A spindle 15 is rotatably mounted on the machining head 14, and a tool 16 is removably pushed into the lower end of the spindle 15. A spindle motor 17 is mounted on the machining head 14. When the spindle motor 17 operates, the rotational force of the spindle motor 17 is transmitted to the spindle 15, and the tool 16 rotates integrally with the spindle 15.

A work table 18 is provided below the processing head 14. The work table 18 includes an X motor 19 and a Y motor 20 which are servo motors.
(See FIG. 5). When the automatic operation mode is selected, the control device 5 controls the X motor 19, the Y motor 20, the Z motor 12, and the spindle motor 17 based on the NC program. Drive control. Thus, the work (not shown) on the work table 18 is processed while the work table 18 is transported in the directions of the arrows X and Y and the main shaft 15 is moved in the direction of the arrow Z.

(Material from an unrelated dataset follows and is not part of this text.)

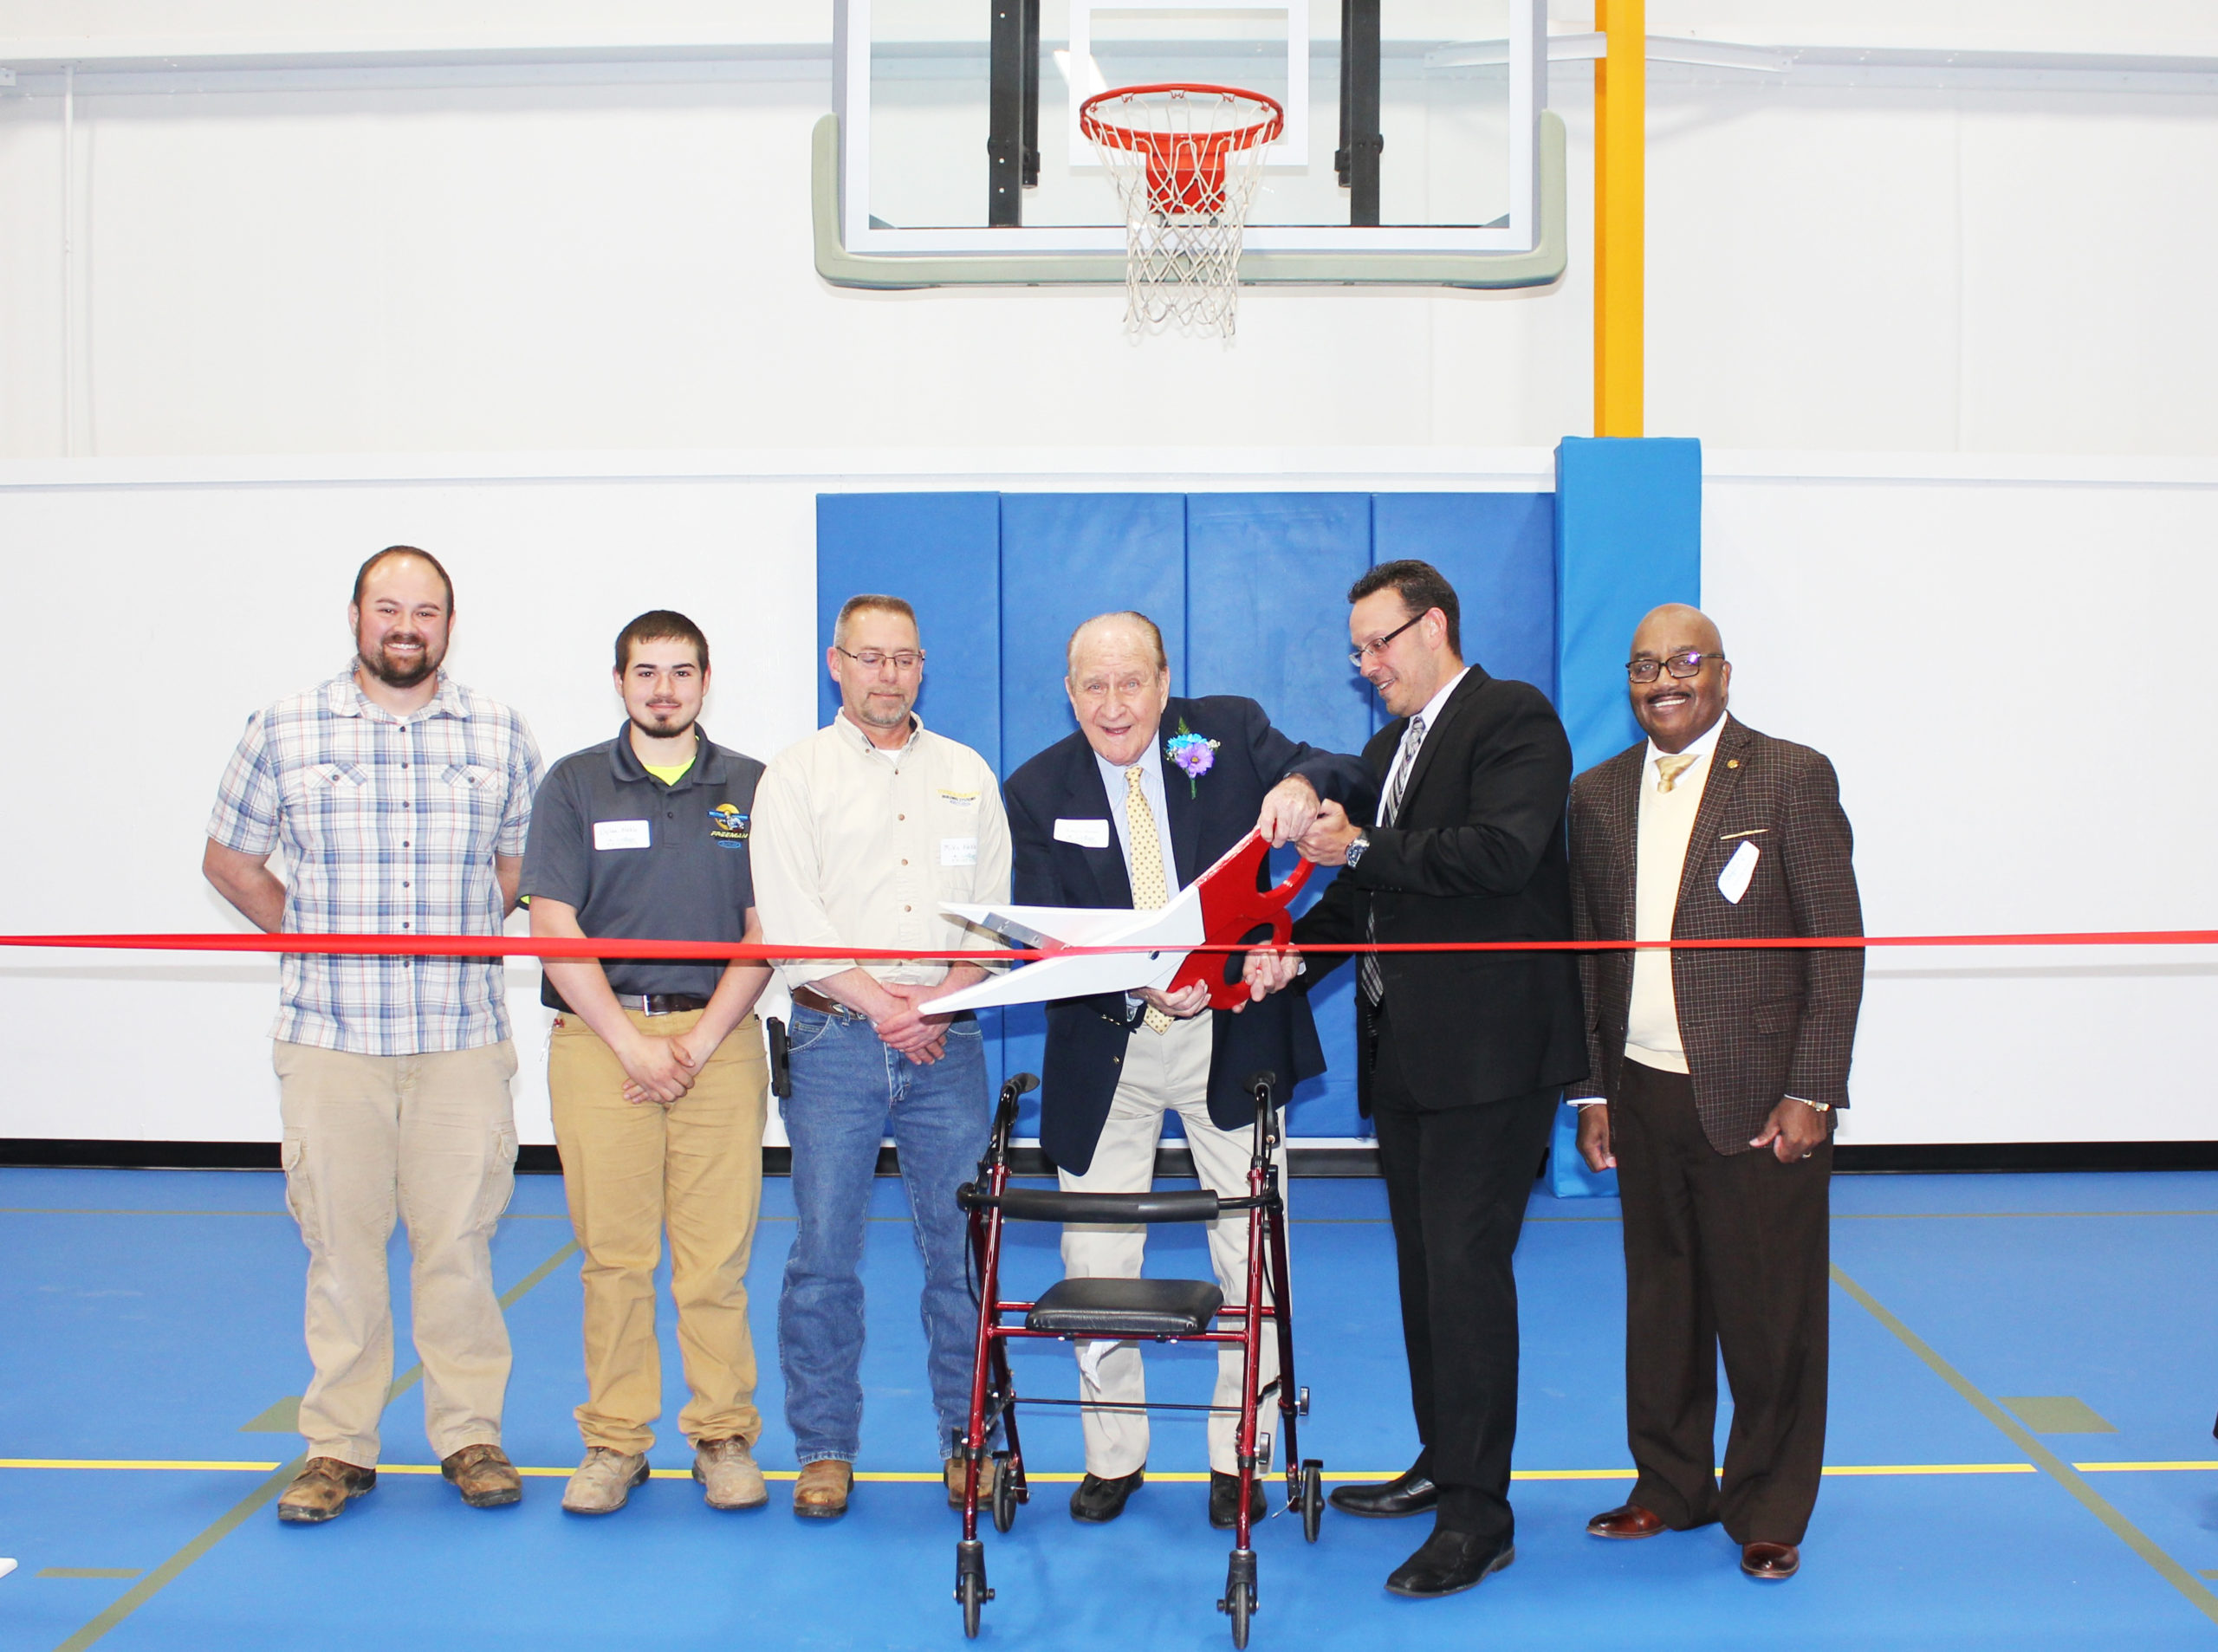 The Village Network Honors Long Time Employee at Ribbon Cutting for the Robert J. Maruna Field House

A tool magazine 21 is fixed to the processing head 14. As shown in FIG. 8, a plurality of tool pots 22 are stored in the tool magazine 21, and the tool 16 is removably pushed into each tool pot 22. The plurality of tool pots 22 are connected to the magazine motor 2.
3 (see FIG. 5) and the magazine motor 23
Is activated, the plurality of tool pots 22 are moved to the tool magazine 2
Move within 1.

In the NC program, a tool change command and a tool call command are set. When the control device 5 detects the tool change command and the tool call command, the control device 5 controls the drive of the magazine motor 23 and issues a command by the tool call command. Tool 1
6 (= tool pot 22) is selectively made to correspond to the opening 21a (see FIG. 8) located at the lower part of the tool magazine 21.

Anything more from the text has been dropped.